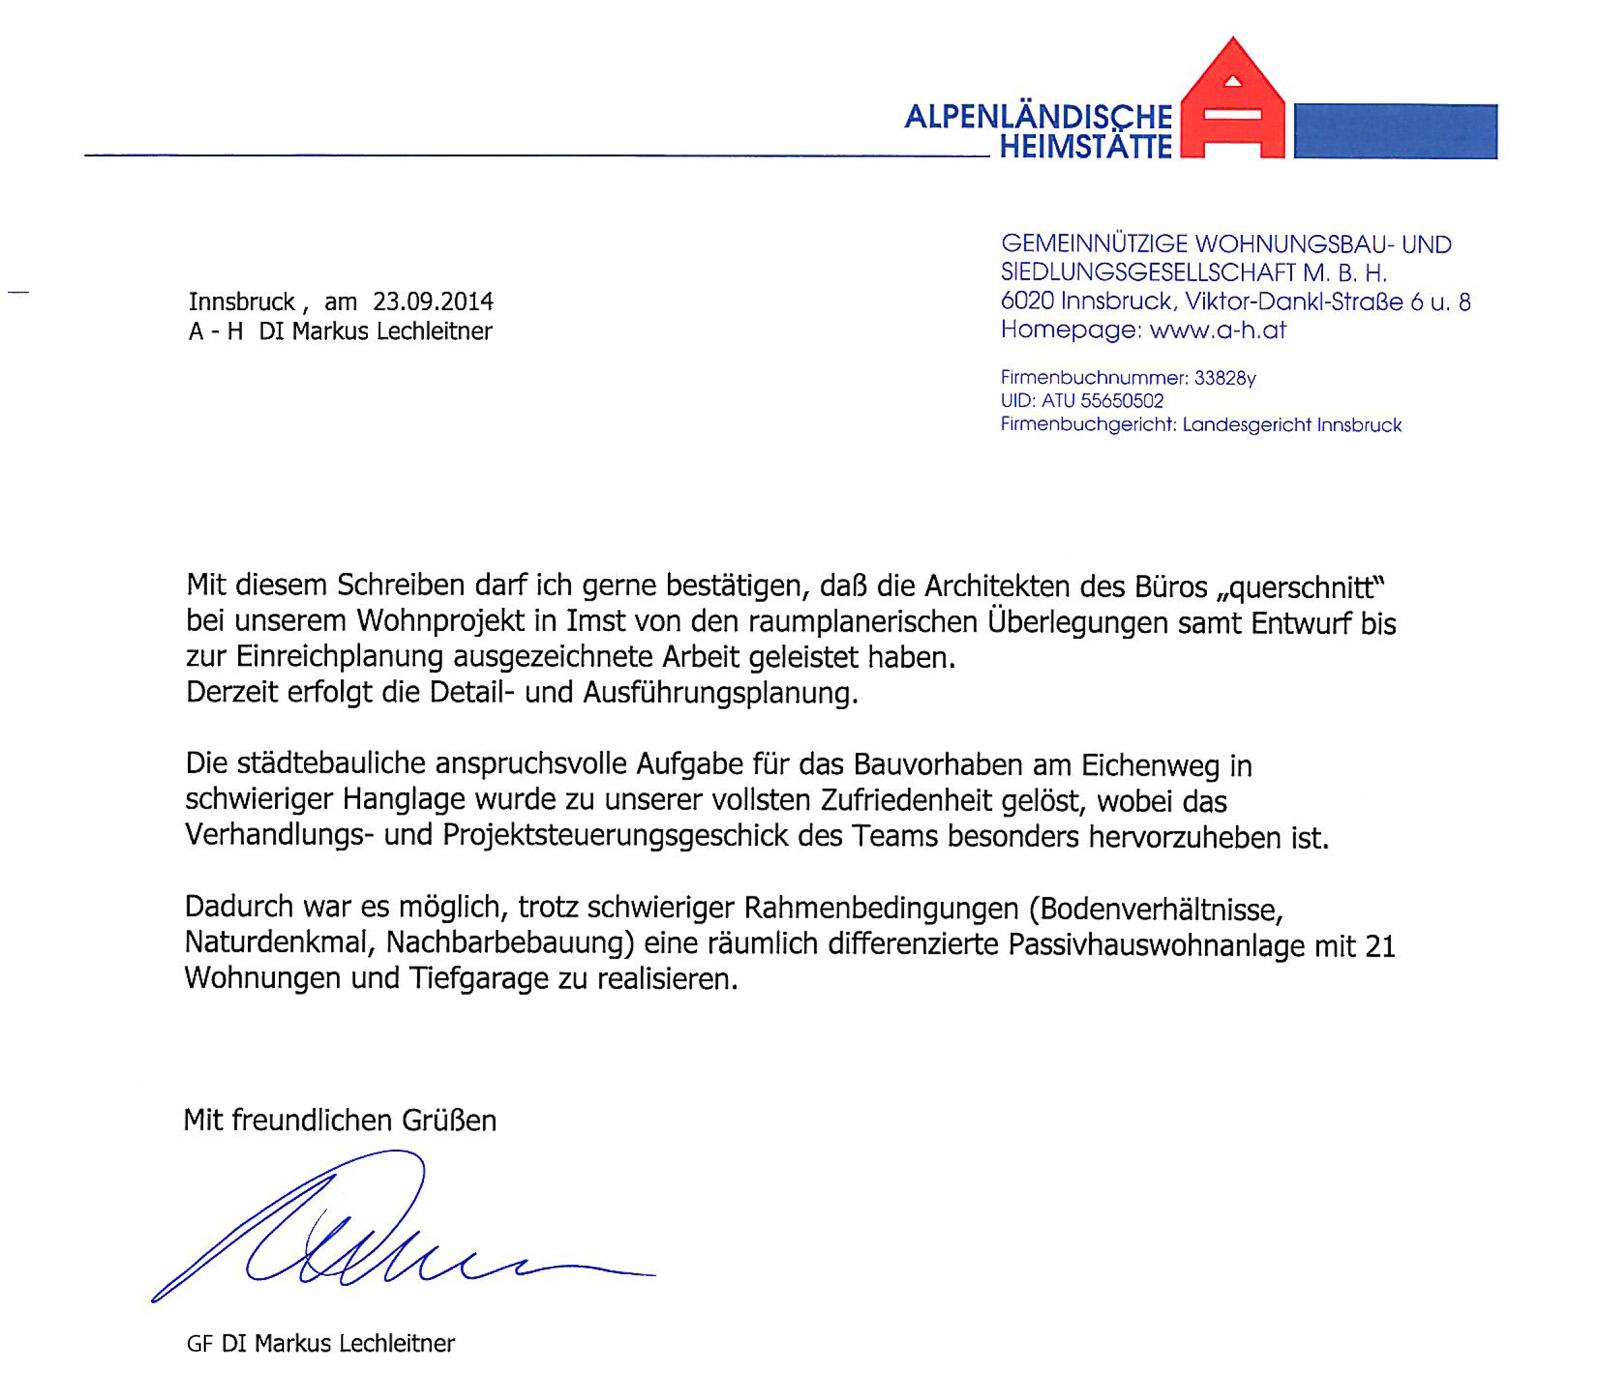 Referenz Alpenländische Heimstätte - GF Markus Lechleitner
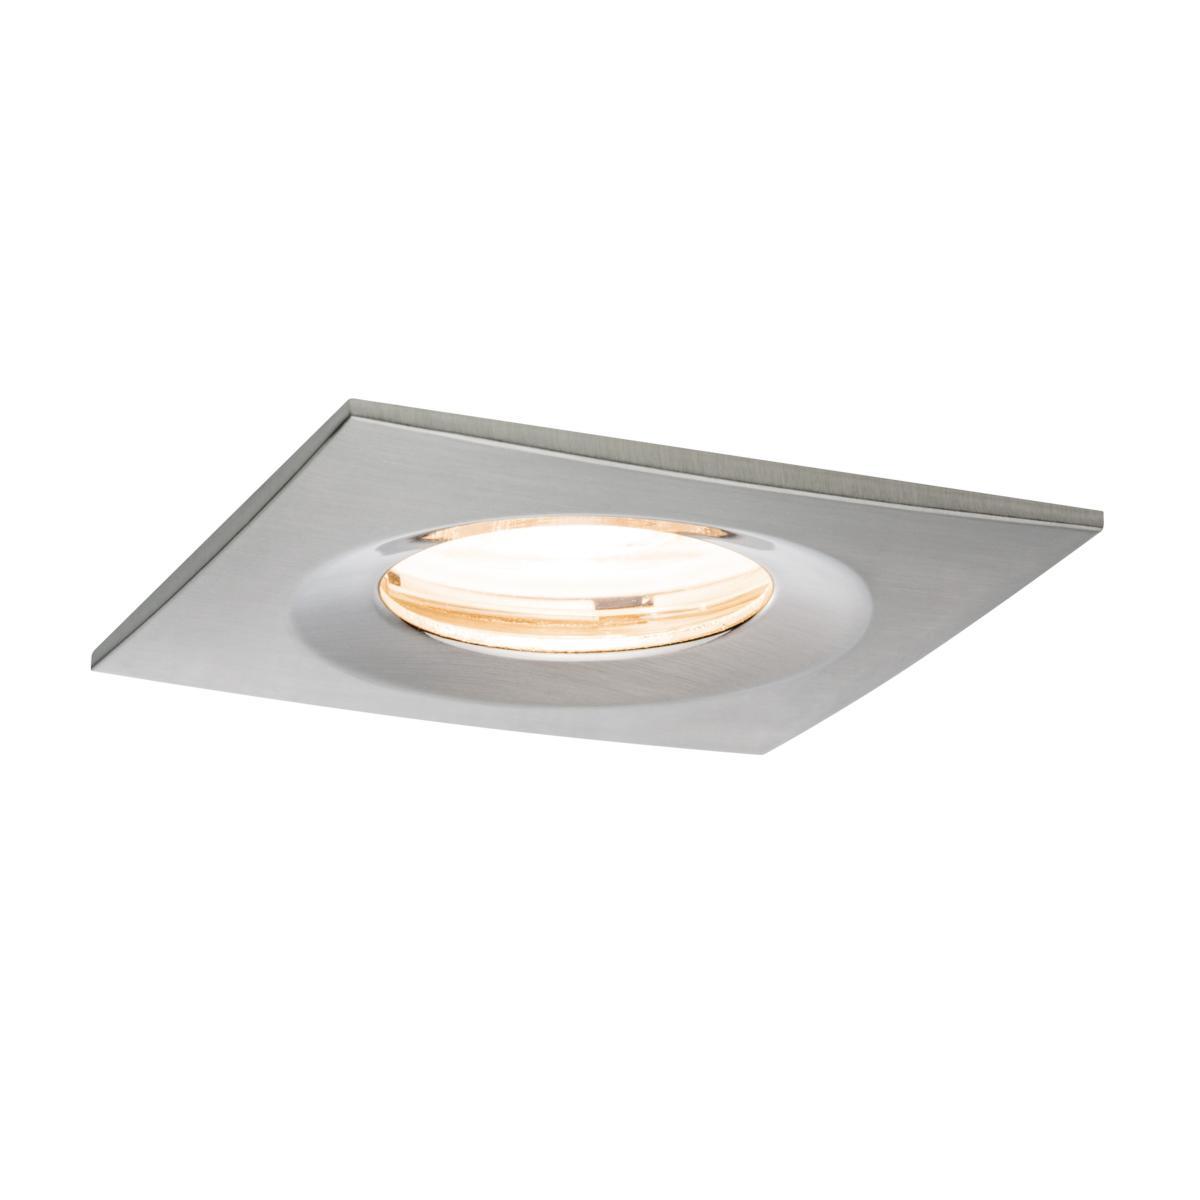 Spot led ip65 encastrable dimmable acier carr 7w 230v - Spot led ip65 12v ...
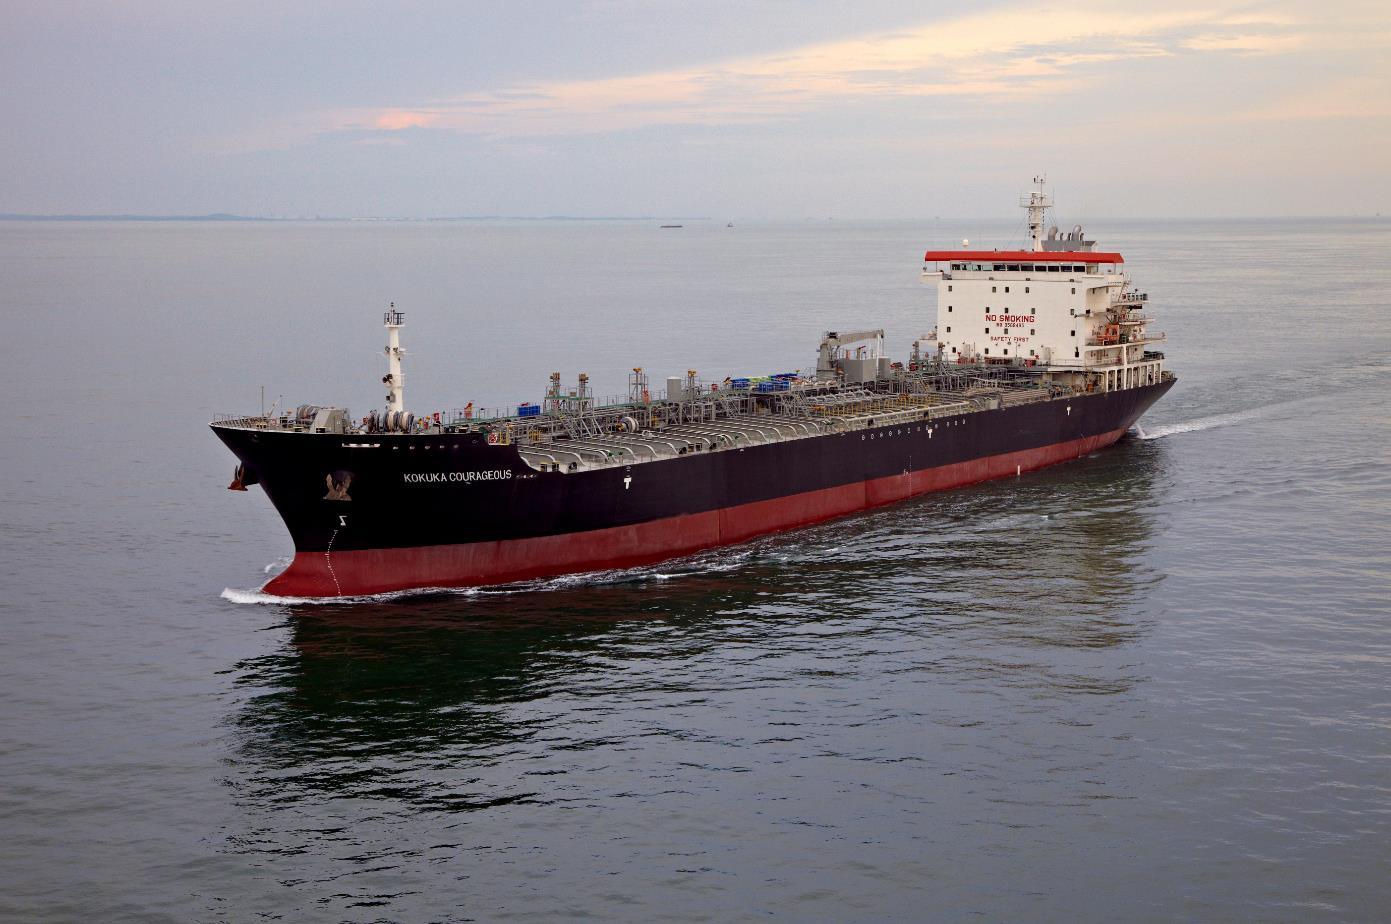 Afirman que tres tanqueros con gasolina salieron de Irán rumbo a Venezuela

▶ [Work instruction] Please copy, exactly and only, the lines of the listing that run from the one holding "Spot led ip65 encastrable" through its last line, and exclude pictures.

▶ [Expected output]
 Spot led ip65 encastrable dimmable acier carr 7w 230v - Spot led ip65 12v ...
 Afirman que tres tanqueros con gasolina salieron de Irán rumbo a Venezuela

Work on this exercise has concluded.